100 This does not mean that, on review of a decision not to revoke a visa cancellation decision under s 501CA(4)(b)(ii), the Tribunal cannot take into account evidence about a former visa holder's conduct as a child. Rather, it is to say no more than that evidence of that conduct must have some relevance to an issue that properly arises in the course of the Tribunal's decision-making and that there must be some logical connection with the inferences or conclusions that the Tribunal then draws from that evidence. It might be thought that in such a case the Tribunal would treat such evidence cautiously, acknowledging the limits of the material before it that was said to evidence such conduct, including its cogency and reliability.

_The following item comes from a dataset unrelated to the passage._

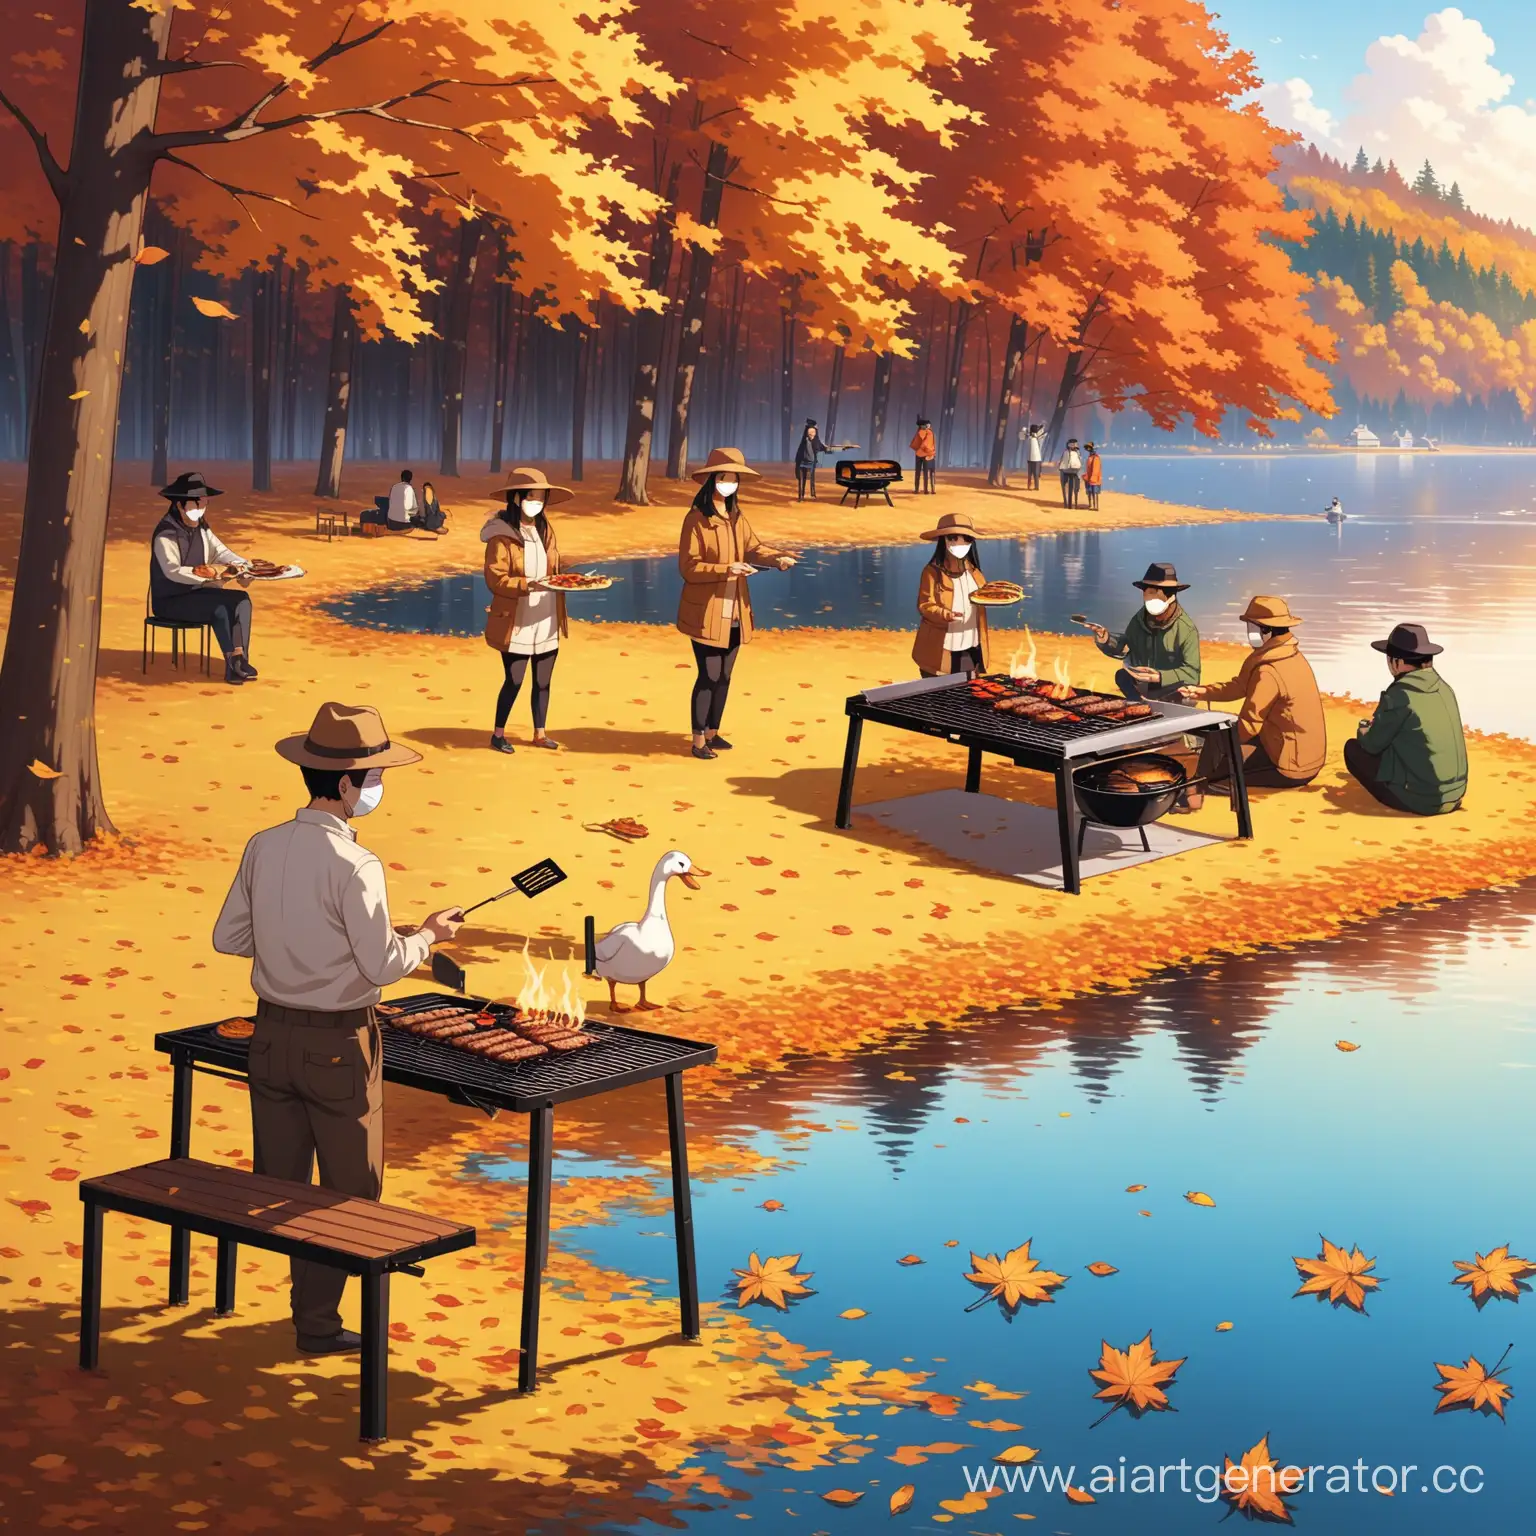 Autumn-Lakeside-BBQ-Gathering-Around-the-Grill-with-Friends-and-Nature
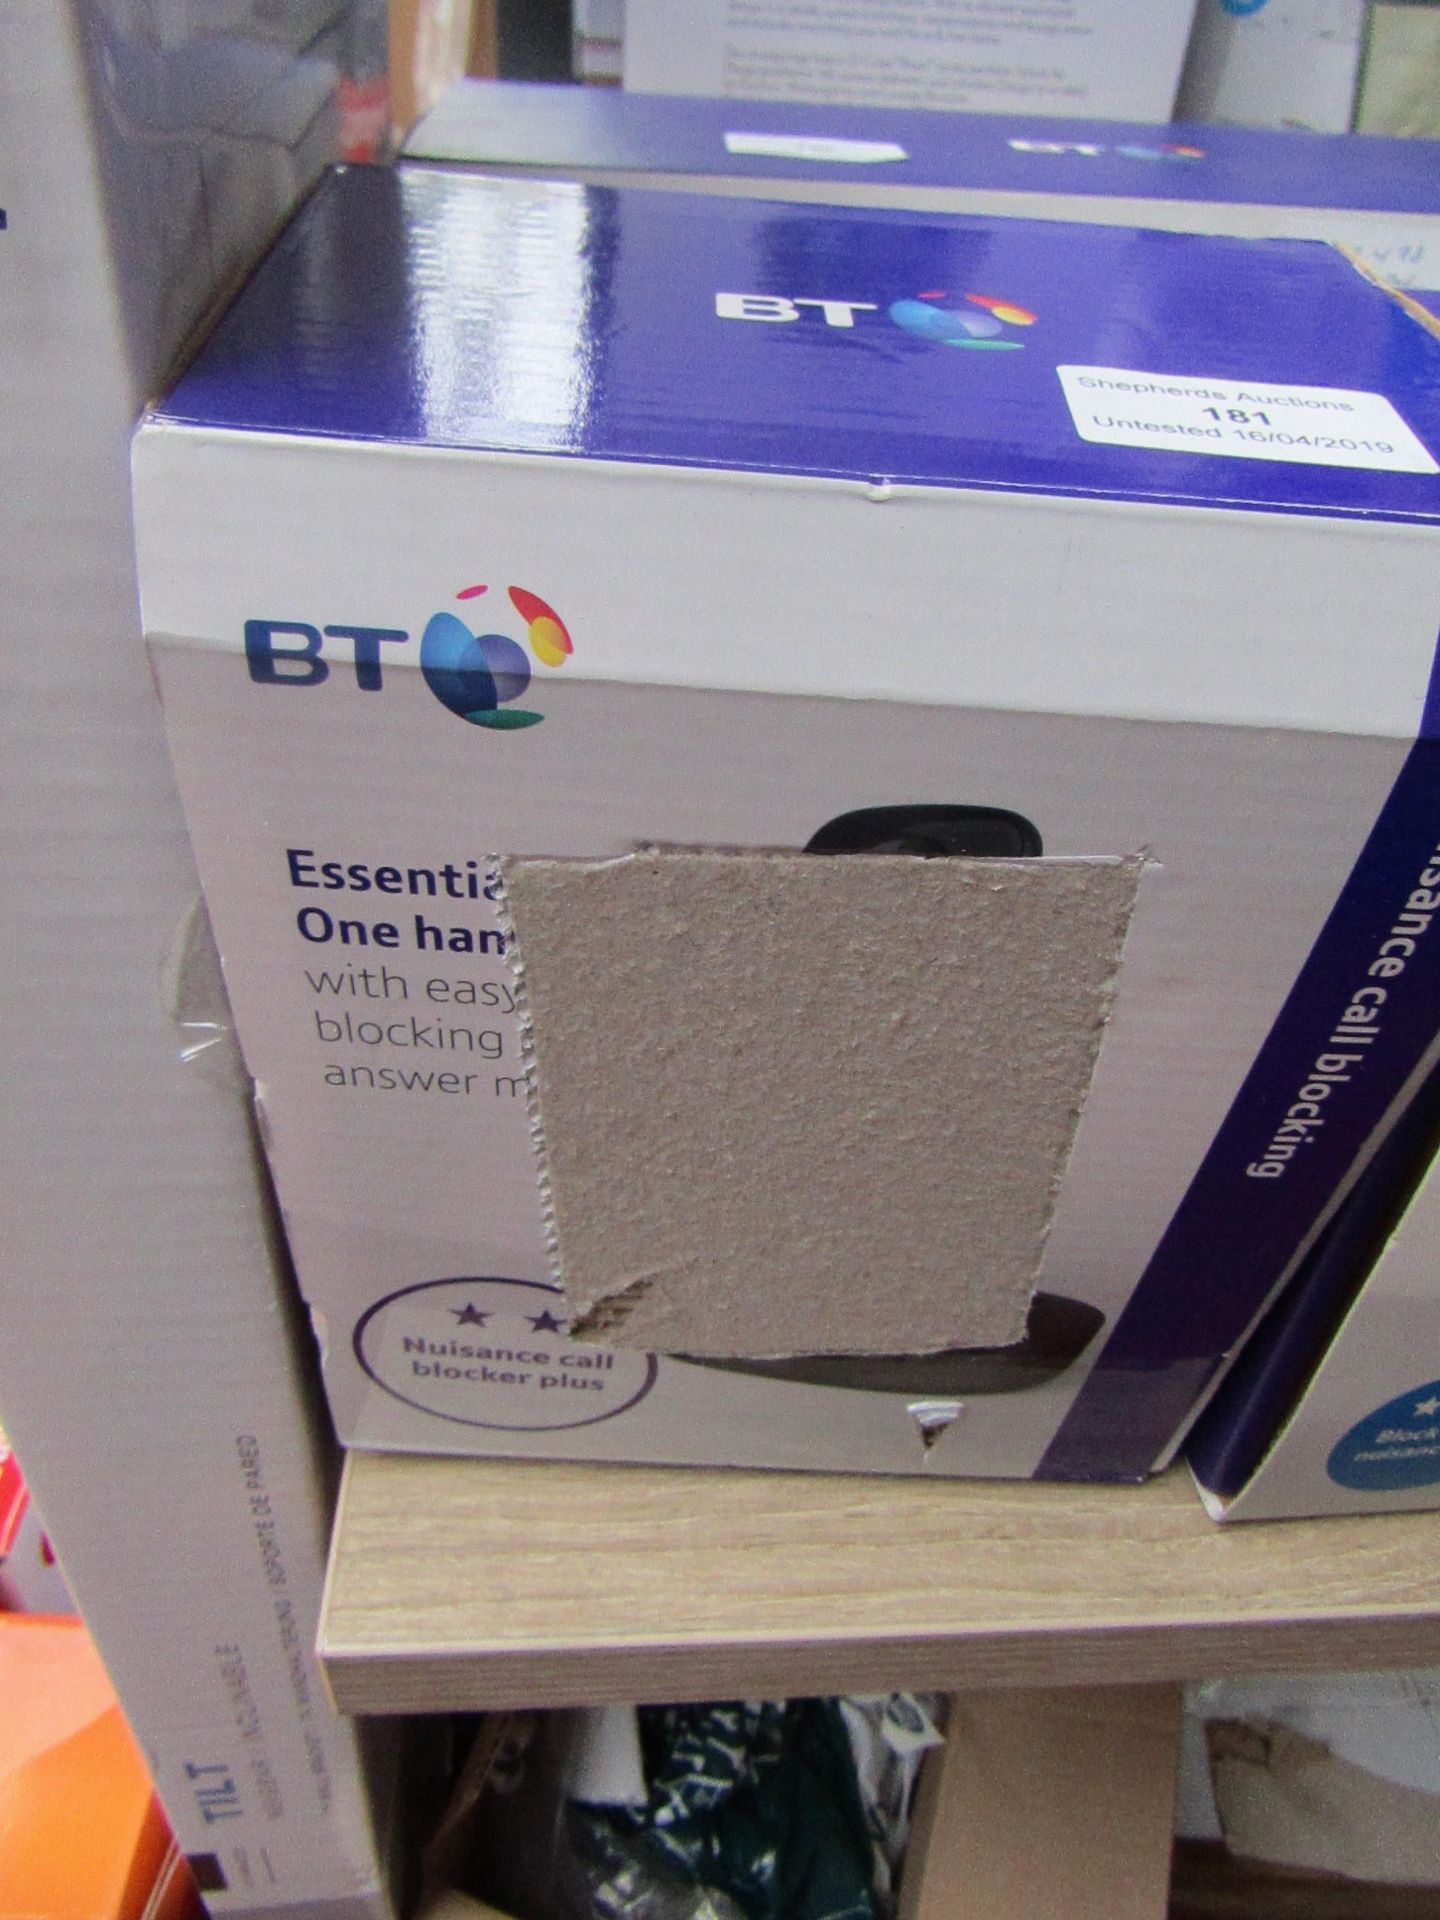 BT cordless phone untested and boxed

101 For the reasons stated above, however, in this case, in elevating the applicant's conduct as a nine-year-old child to criminal offending, the Tribunal took into account a consideration that was irrelevant to his supposed pattern and history of offending, and provided no logical connection with the findings and conclusions the Tribunal made in that regard. Jurisdictional error was thereby disclosed, whether viewed as the consideration of irrelevant matters (as the applicant argued) or as an aspect of legal unreasonableness: compare SZMDS at [132], [135]; Minister for Immigration and Citizenship v Li [2013] HCA 18; 249 CLR 332 at [76]; Minister for Immigration and Border Protection v Eden [2016] FCAFC 28; 240 FCR 158 at [64].
102 For the reasons stated, ground 2 is not only of sufficient merit to justify the extension of time sought by the applicant, it also discloses jurisdictional error.